The last thing I heard, they thought a contractor installing fiber optic lines caused the gas leak by accidentally drilling into a 2 in. gas line. What’s weird about it is that so far no one knows who or where that contractor is. To me it sounds like he hit the gas line and just booked it. People were alerted to the leak by the smell, called the fire dept., and the fire dept. and gas company employees started the evacuation.
I was in Israel a few years ago (not long after the Iron Dome had gone live) at a vendor’s offices, about a kilometer from the West Bank. We were in an internal meeting room when the building shook and the lights went out. We made our way to the sidewalk, and as we watched a plume of black smoke rise from the next block over, another explosion shook us. There were no missiles, no air raid sirens, and not even a real panic - just the explosions and smoke. We didn’t know what else to do, so we followed our host’s lead; we continued to stand on the sidewalk and watch the smoke. Eventually, people got bored and wandered back to their offices.

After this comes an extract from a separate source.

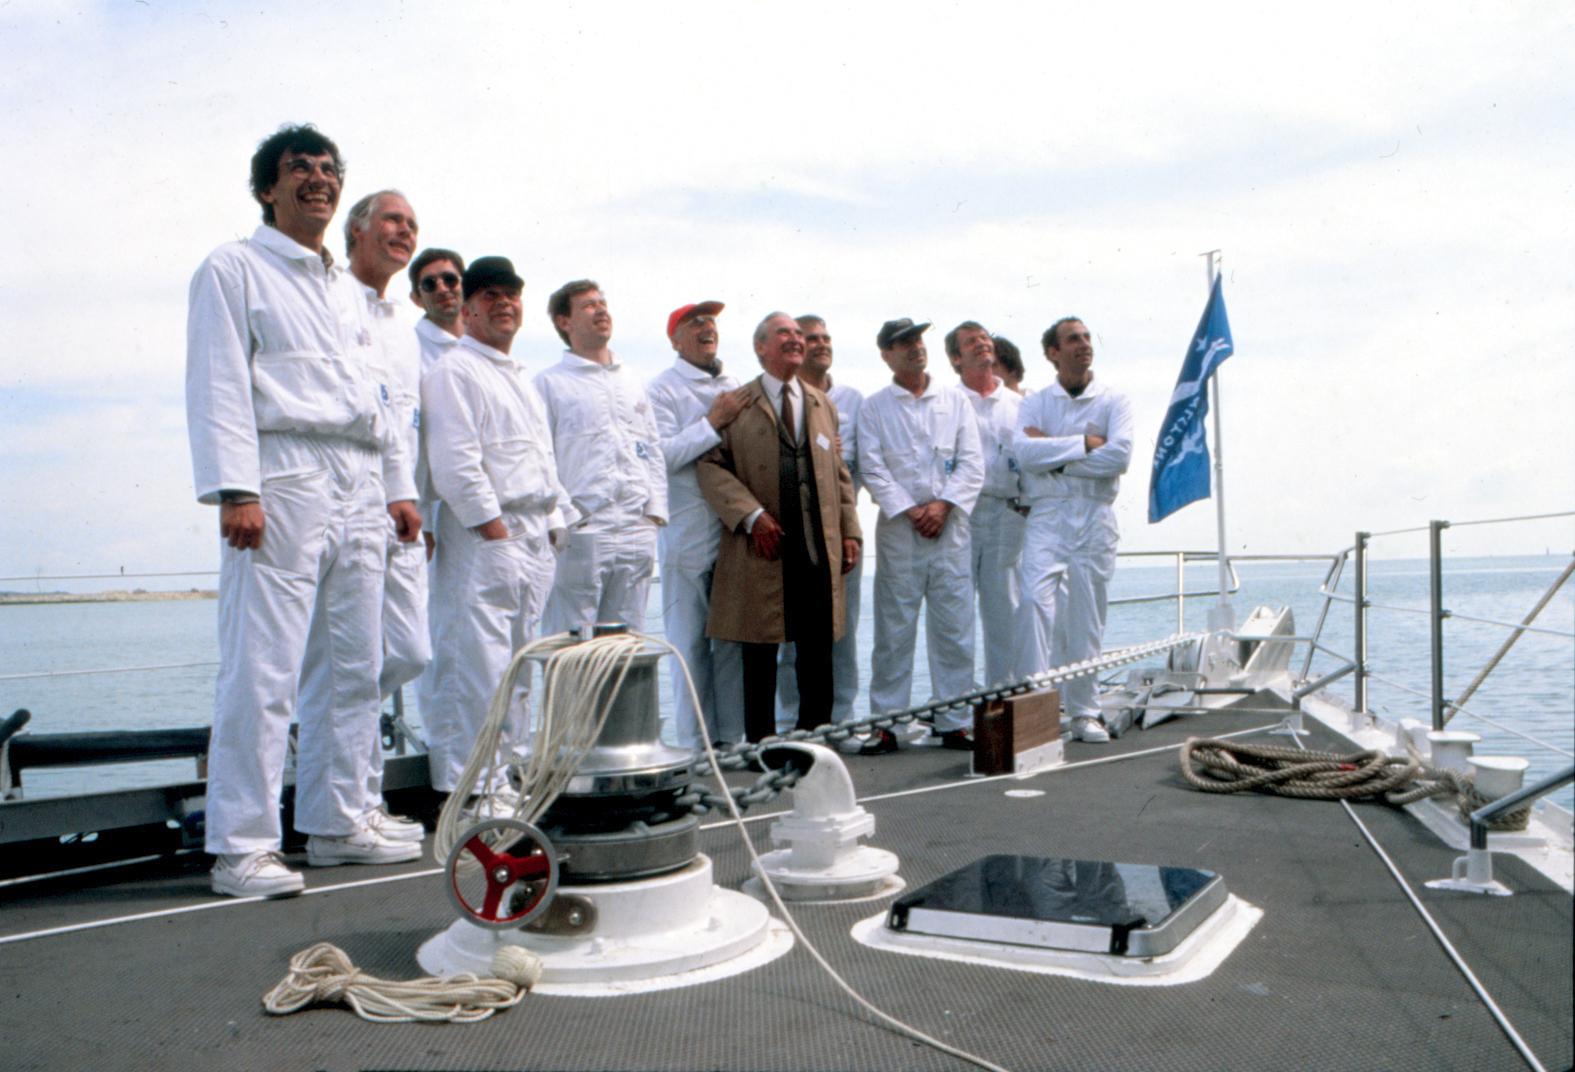 Команда Акилоны и изобретатель турбопаруса Люсьен Малавар перед открытием

After a while, when we learned that an automotive repair shop had a fire and explosion in their paint storage room, everyone became happy! My coworker and I were perplexed by this reaction. Someone explained to us that they were thrilled to finally have a normal industrial accident that wasn’t caused by rockets fired from the West Bank.
Travel definitely gives you a new sense of perspective.
Crazy day to be working at Prescient, it appears.
Not to be too glib in this situation, but I wonder if it was the same shady-ass contractors that decided it was a good idea to do fiber trenching by unloading a mini-excavator over my 120-year-old knee wall onto my lawn at 11pm one night a few months ago. Yes, they managed to significantly damage the wall, and my lawn, and wake the baby.
When I called the city they said they’d had no end of problems with this contractor and had already had a couple stop-work orders called on them.
OpenDurham has a bunch of background on 115 N. Duke St., AKA the Studebaker Building.
Edit: Dang, OpenDurham has already updated the page to include information on the explosion.